Ricardo Jacinto’s performance (Medusa: Exploded Cello) is an explicit manifestation of a usually silent truth about the relationship between a player, a musical instrument, and a performance environment, which is that the boundaries between these three apparently separate entities are in fact mutable. It may be a folk tale that Jascha Heifetz,, the legendary violinist, when told by a fan that his Stradivarius sounded wonderful, put his ear to the violin and replied “it doesn’t sound at all”, but such a tale illustrates well that it is the precise interaction between player and instrument - the intensely personal touch and response to the resistances and affordances of the physical system of the instrument - which makes a sound plausible, convincing and beautiful, indeed which makes sound at all. And the context in which this intimate refusal of boundaries takes place, both socially and acoustically, adds another complex layer of interactions to the mix: The environment in which something happens contributes significantly to the sound that is made, to the manner in which it projects into and around the space, and this in turn forms sensory feedback for the player, informing his or her moment-to-moment decisions.
Jacinto lays bare this ‘hidden’ truth by amplification, exaggeration and projection. Transducers within the cello disclose the characteristic sound of precise points within the instrument’s physical structure and distribute these subtly different signals to precise external points in the architectural space of the performance - externalizing and exaggerating the spatial separation of the cello’s secret inner structure. The points within the cello which Jacinto chooses to ‘explode’ into the room are chosen with care for their already subtly distinct versions of the cello’s sound. As an experienced performer and improviser Jacinto is aware of and draws our attention to the sound of strings touching the ebony of the fingerboard, the sense of enhanced tension and ‘nasality’ around the bridge, the softer and more reflected sound within the bouts of the instrument’s body. These are mapped across the space of the performance area, their differences often enhanced subtly by digital treatments, immersing the audience in a new ‘virtual’ instrument body. Every gesture made on the cello is written in larger form across the room.
And Jacinto is not only ‘turning his instrument inside out’ and laying bare the smallest details of his technique. As a trained architect he also has a heightened awareness of the geometric and dramatic potentials of the space in which he is performing, and is, in a very real sense, ‘playing the room’. This is significant for his audience in that all of our inter-personal experiences are informed by the negotiation of distance. The anthropologist Edward Hall introduced (in the 1960s) the notion of ‘proxemics’ - codifying the unwritten codes of conduct which determine whether our interactions connote an intimate, a local, a social or an environmental relationship (with people, with sounds, with objects). Jacinto’s manipulation of these various distances enhances our sense of the relationship between tactility and hearing.

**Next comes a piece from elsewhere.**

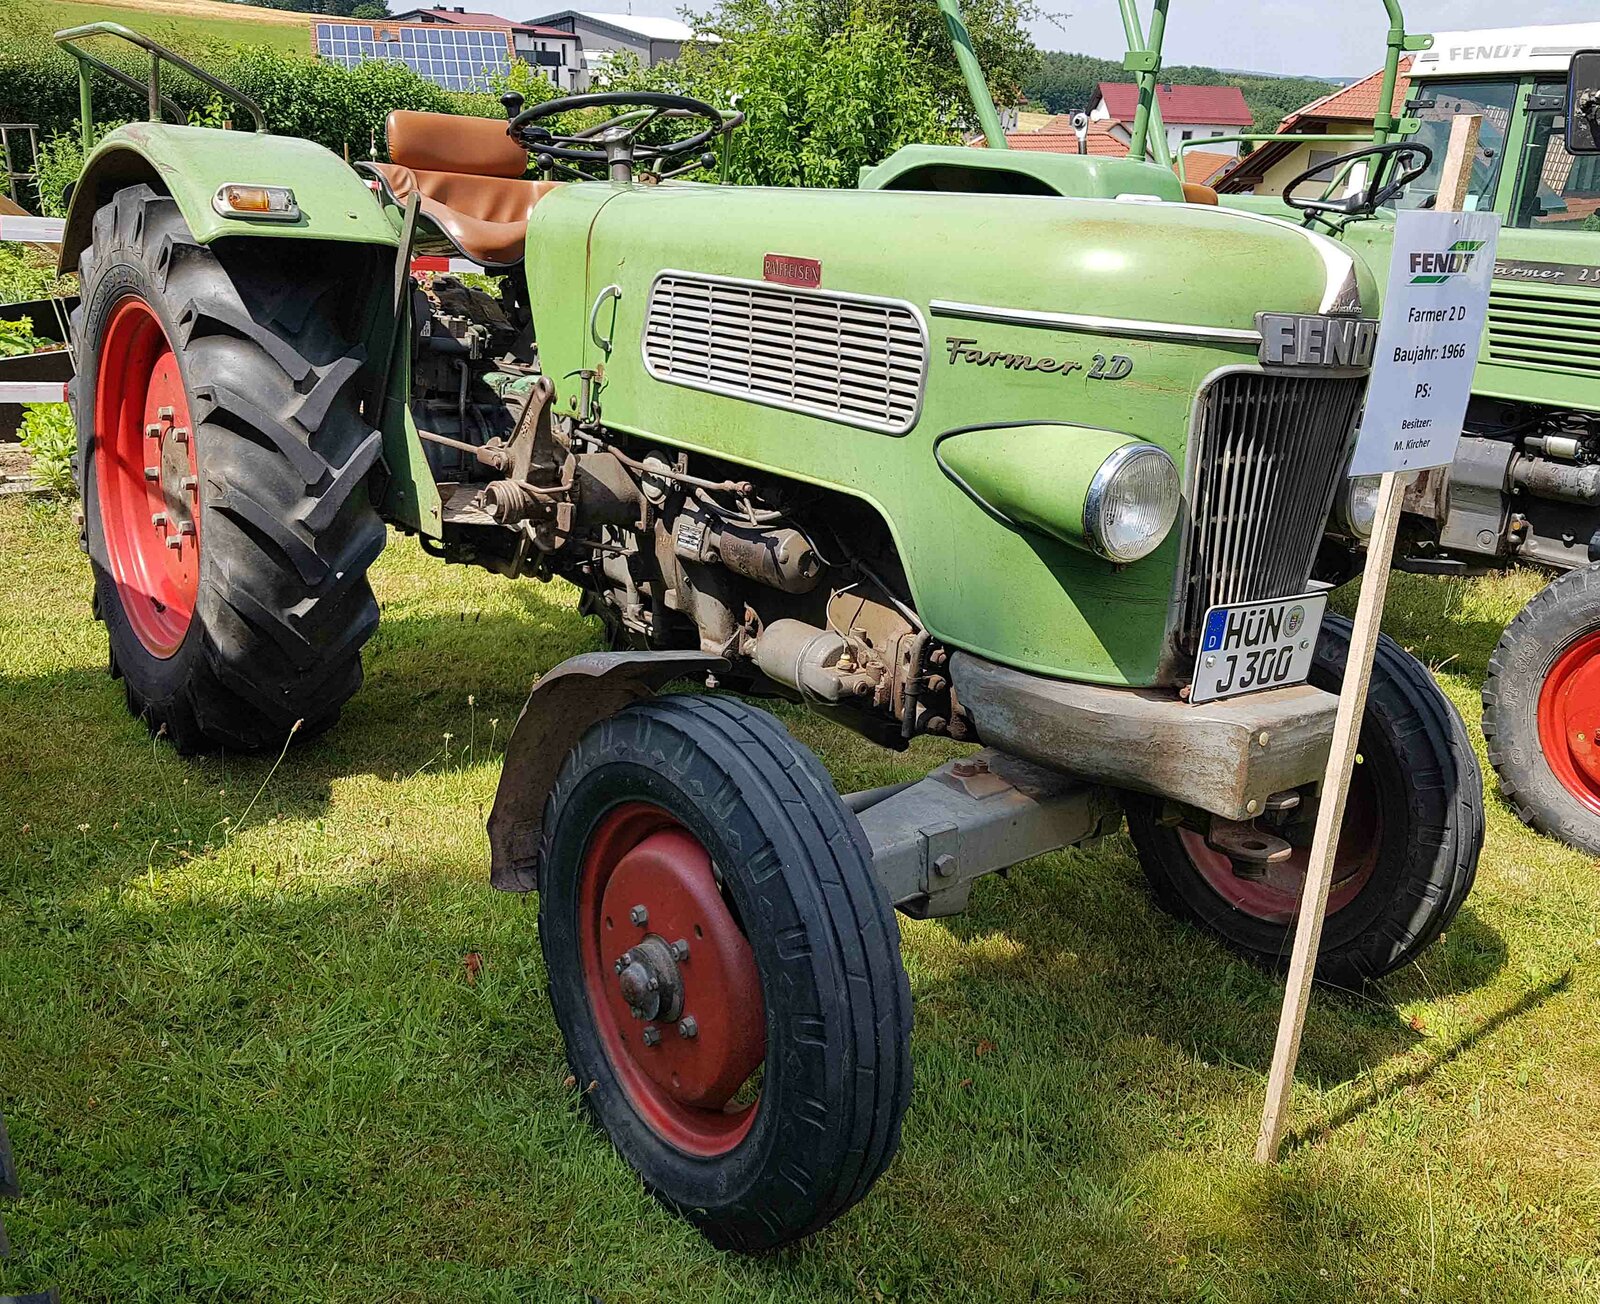 =Fendt Farmer 2D, Bj. 1966, steht im Juni 2023 in Hünfeld-Dammersbach. Die Leistung seines Traktors ist dem Besitzer scheinbar unbekannt.

By implication the performance asks questions about territory, about public and private space. By exposing the relationship between one body and one instrument so ruthlessly, but incorporating the bodies of the audience within the result, Jacinto asks what are the limits of his body. Of course these limits are transcended here through technology, but, he asks us, isn’t this what music always does? Isn’t there always a transduction between my body, as a performer, and yours - as a listener, which is the condition of music. Some traces of my fingers, depressing this taut string, at this particular point, and in this particular way, resonate sympathetically within your autonomic nervous system. And as I move into the high register on the top string, something of the difficulty of doing so, of the sense that this is an acoustic and physical system approaching the upper limits of its viability, transgresses the merely physical boundaries between individuals, temporarily suspending them - touching you at a variety of distances - some intimate, some less so.

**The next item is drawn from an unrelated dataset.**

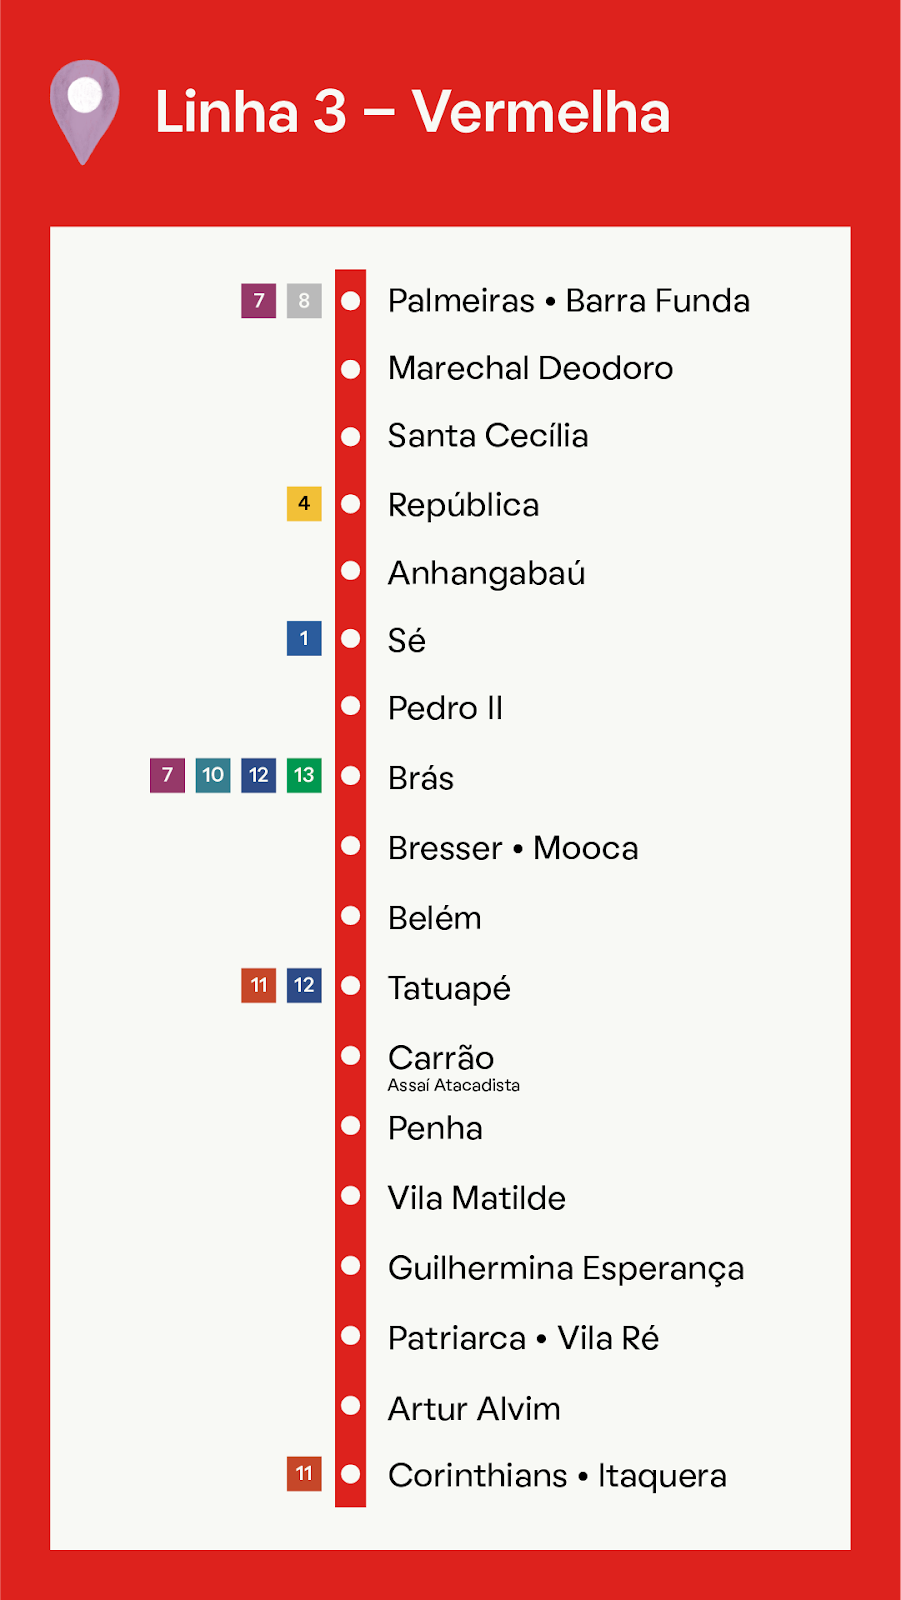 Foto que ilustra as estações da Linha 3- Vermelha, a Estação Brás pertence à ela.

This permeability of boundaries between individuals echoes the permeability with which we began - between performer, instrument, and environment. The permeability which is the condition of music is also a condition of being human. In music-making human beings find a crucible for a non-appropriative acknowledgement of otherness - a suspension of the boundaries of the self. The qualities of empathy and inquisitiveness which make us human are enhanced. So it’s no surprise that the ‘exploded cello’ has another life, away from its site-specific orientation, in improvised ensemble music, where groups of musicians negotiate and renegotiate boundaries and selfhoods on a moment-by-moment basis.
In this case however, the performance precedes and feeds into an installation which lasts approximately a month after the initial event. The physical gestures of the live performance are captured and have an ‘after-life’ - occupying the architectural space beyond the presence of the player, and extending the musical material into a different time frame. Perhaps the density of musical events will lessen and the texture become sparser the longer the installation operates beyond the live performed event, in a conscious echo of the gradual decay of all sounds in time… But with a digital system that is invested with some aspects of a life of its own, who knows what the eventual result will be. There’s a quality of emergence, rather than design, about this, which betrays Jacinto’s status as an improviser as well as a designer!